Universal agents and utility functions

[-]Kawoomba13y50

How do your proposed changes to the utility function affect e.g. the proof of AIXI's pareto optimality (allured to in pp. 30 in the paper) and other provable properties of AIXI?

[-]Anja13y40

I am quite sure that pareto optimality is untouched by the proposed changes, but I haven't written down a proof yet.

[-]timtyler13y20

Is there a way to bind the optimization process to actual patterns in the environment? To design a framework in which the screen informs the agent about the patterns it should optimize for? The answer is, yes, we can just define a utility function that assigns a value to every possible future history and use it to replace the reward system in the agent specification [...]

If only the problem was that easy. Telling an agent to optimise a utility function over external world states - rather than a reward function - gets into the issue of how you tell a machine the difference between real and apparent utility - when all they have to go on is sensory data.

It isn't easy to get this right when you have a superintelligent agent working to drive a wedge between your best efforts, and the best possible efforts.

[-]timtyler13y20

I don't think infinitessimal utilities are really Nick Bostrom's idea. To quote from me in 2009:

As I think I already mentioned, if you use surreal numbers to represent utility, you don't need to do any discounting - since then you can use infinite (and infinitessimal) numbers - and they can represent the concept that no amount of A is worth B just fine. The need for surreal numbers in decision theory was established by Conway over three decades ago, in his study of the game of go.

[-]lukeprog13y-10

But early versions of Bostrom's "Infinite Ethics" paper have been online since at least May 2004.

[-]timtyler13y00

Er, I wasn't trying to take credit. I was saying the idea dates back to Conway. Decision theory was the motivation behind the invention of surreal numbers in the first place.

[-]Eliezer Yudkowsky13y30

Game theory motivated surreal numbers. Game theory != decision theory.

[+]timtyler13y-60

[-]lukeprog13y00

Gotcha.

[-]Manfred13y10

Could you explain more about why you're down on agent 1, and think agent 2 won't wirehead?

My first impression is that agent 1 will take its expected changes into account when trying to maximize the time-summed (current) utility function, and so it won't just purchase options it will never use, or similar "dumb stuff." On the other topic, the only way agent 2 can't wirehead is if there's no possible way for it to influence its likely future utility functions - otherwise it'll act to increase the probability that it chooses big, easy utility functions, and then it will choose same big easy utility functions, and then it's wireheaded.

[-]Anja13y00

I am pretty sure that Agent 2 will wirehead on the Simpleton Gambit, depending heavily on the number of time cycles to follow, the comparative advantage that can be gained from wireheading and the negative utility the current utility function assigns to the change.

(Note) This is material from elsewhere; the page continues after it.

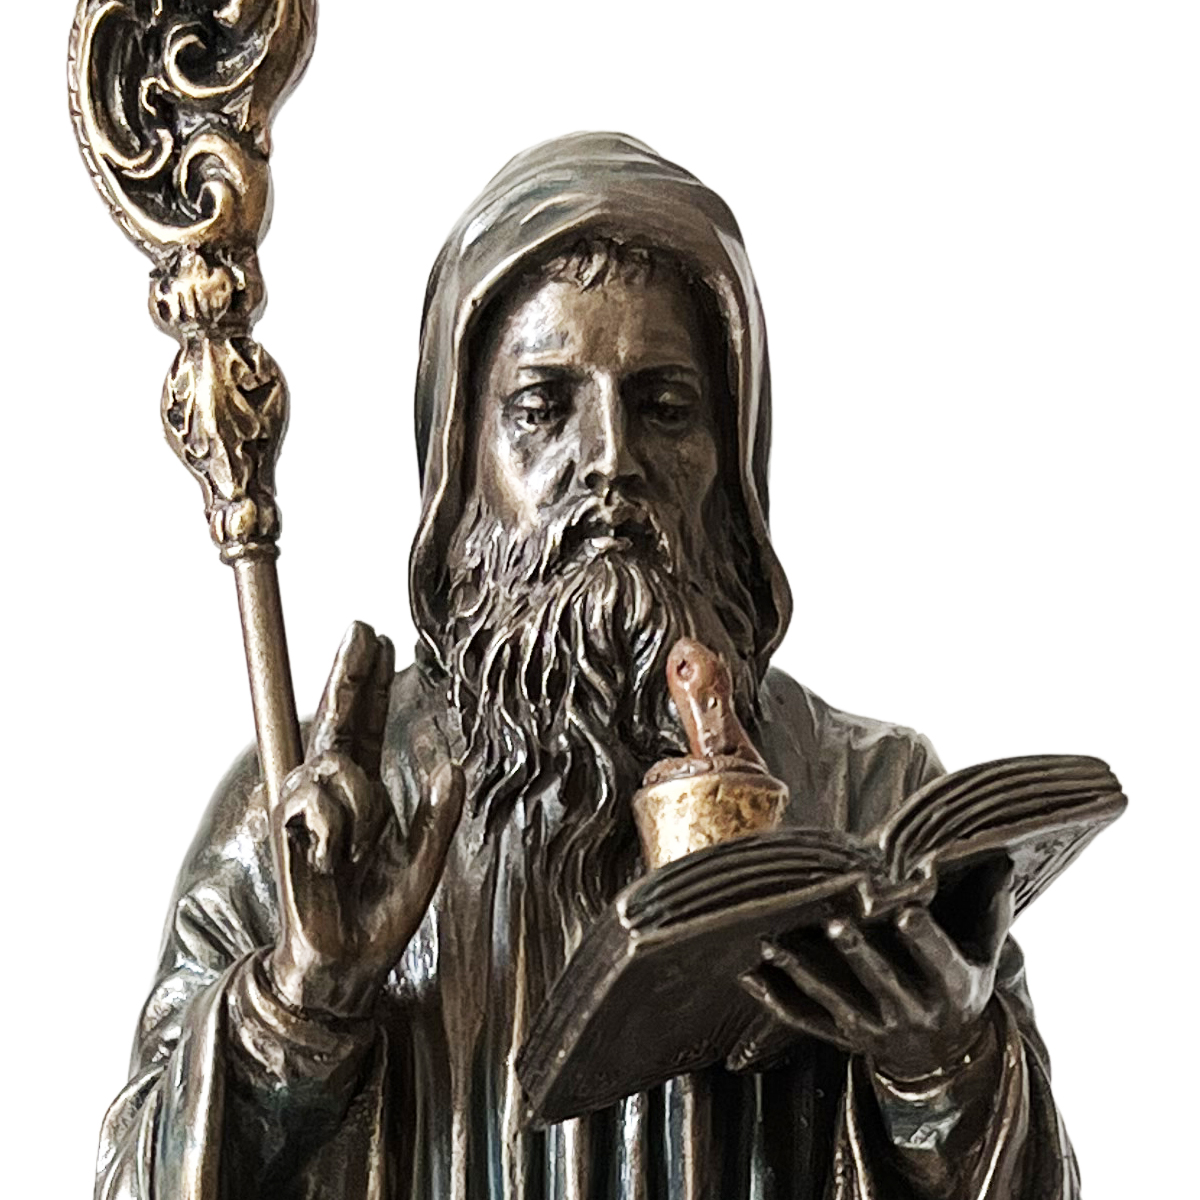 Statuette Saint Benot de couleur bronze

Agent 1 will have trouble modeling how its decision to change its utility function now will influence its own decisions later, as described in AIXI and existential despair. So basically the two futures look very similar to the agent except that for the part where the screen says something different and then it all comes down to whether the utility function has preferences over that particular fact.

[-]Manfred13y10

Agent 1 will have trouble modeling how its decision to change its utility function now will influence its own decisions later,

Ah, right, that abstraction thing. I'm still fairly confused by it. Maybe a simple game will help see what's going on.

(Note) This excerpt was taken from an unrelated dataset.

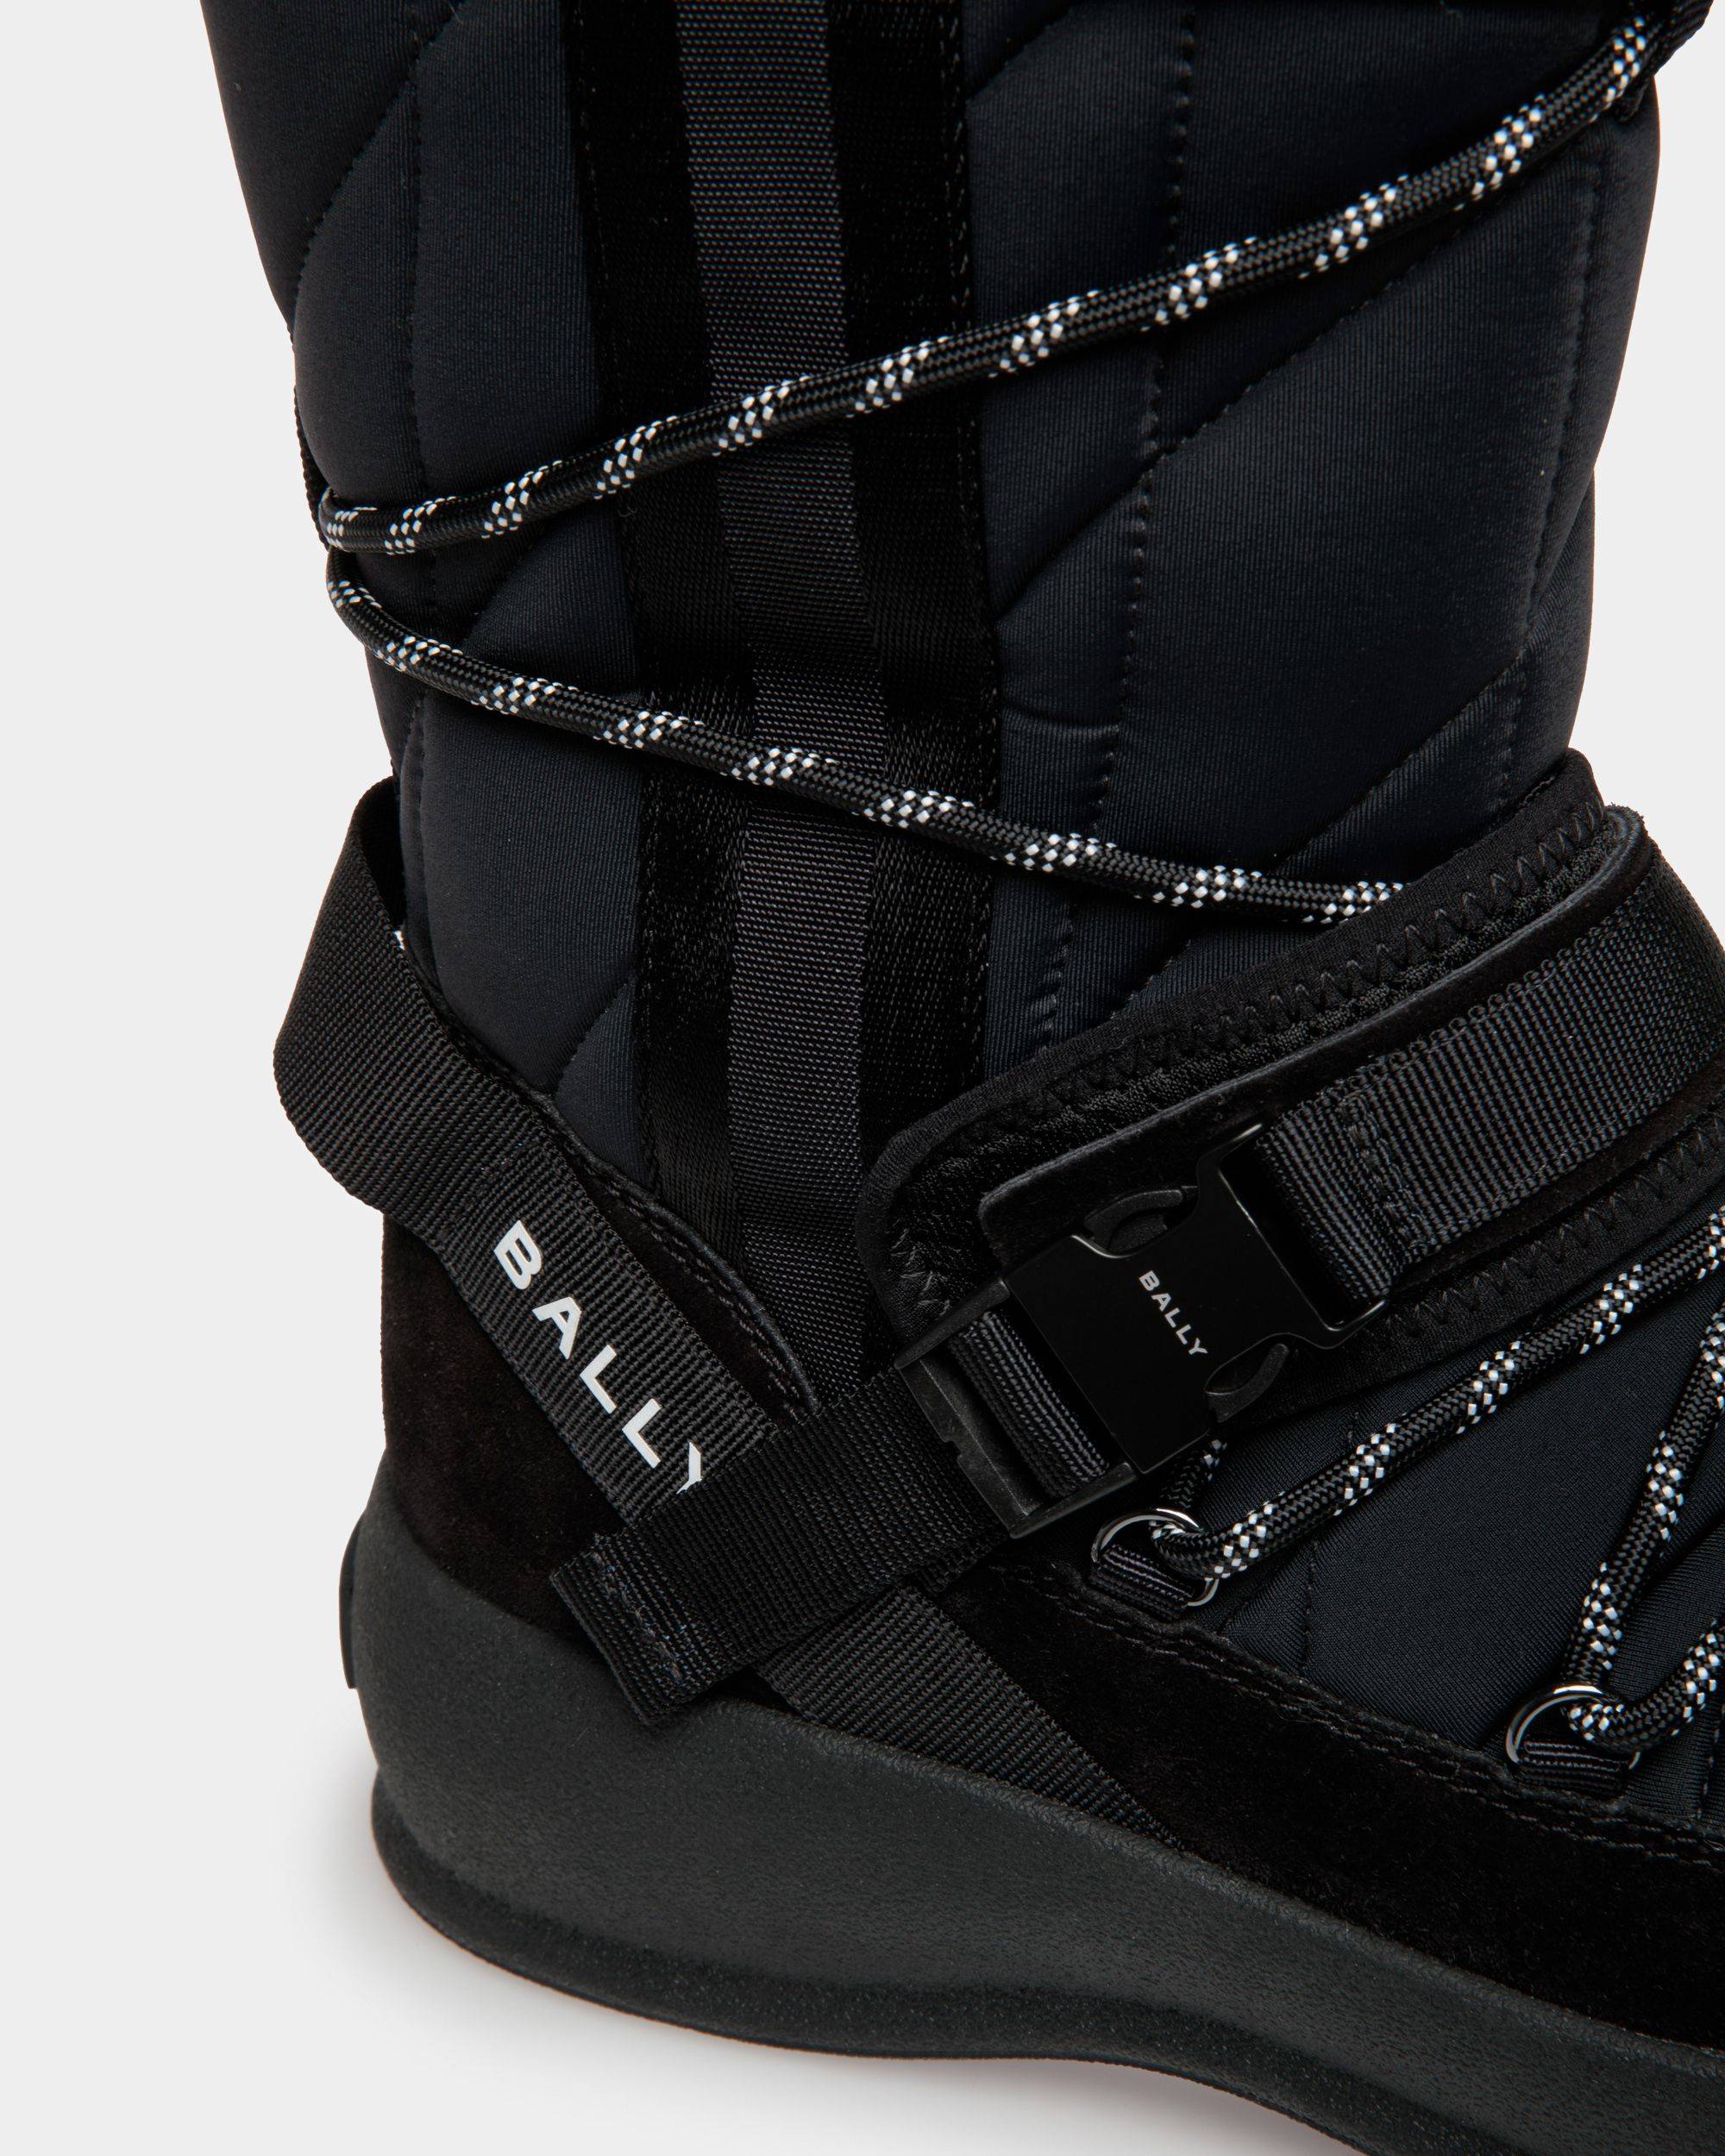 Frei | Women's Boot in Black Nylon | Bally | Still Life Detail

The simple game can be something like a two-step choice. At time T1, the agent can send either A or B. Then at time T2, the agent can send A or B again, but its utility function might have changed in between.

For the original utility function, our payoff matrix looks like AA: 10, AB: -1, BA: 0, BB: 1. So if the utility function didn't change, the agent would just send A at time T1 and A at time T2, and get a reward of 10.

But suppose in between T1 and T2, a program predictably changes the agent's payoff matrix, as stored in memory, to AA: -1, AB: 10, BA: 0, BB: 1. Now if the agent sent A at time T1, it will send B at time T2, to claim the new payoff for AB of 10 units. Even though AB is lowest on the preference ordering of the agent at T1. So if our agent is clever, it sends B at time T1 rather than A, knowing that the future program will also pick B, leading to an outcome (BB, for a reward of 1) that the agent at T1 prefers to AB.

So, is our AIXI Agent 1 clever enough to do that?

[-]Anja13y00

I would assume that it is not smart enough to forsee its own future actions and therefore dynamically inconsistent. The original AIXI does not allow for the agent to be part of the environment. If we tried to relax the dualism then your question depends strongly on the approximation to AIXI we would use to make it computable. If this approximation can be scaled down in a way such that it is still a good estimator for the agent's future actions, then maybe an environment containing a scaled down, more abstract AIXI model will, after a lot of observations, become one of the consistent programs with lowest complexity. Maybe. That is about the only way I can imagine right now that we would not run into this problem.

[-]Manfred13y00

Thanks, that helps.

[-]timtyler13y10

Agent 1 will have trouble modeling how its decision to change its utility function now will influence its own decisions later, as described in AIXI and existential despair.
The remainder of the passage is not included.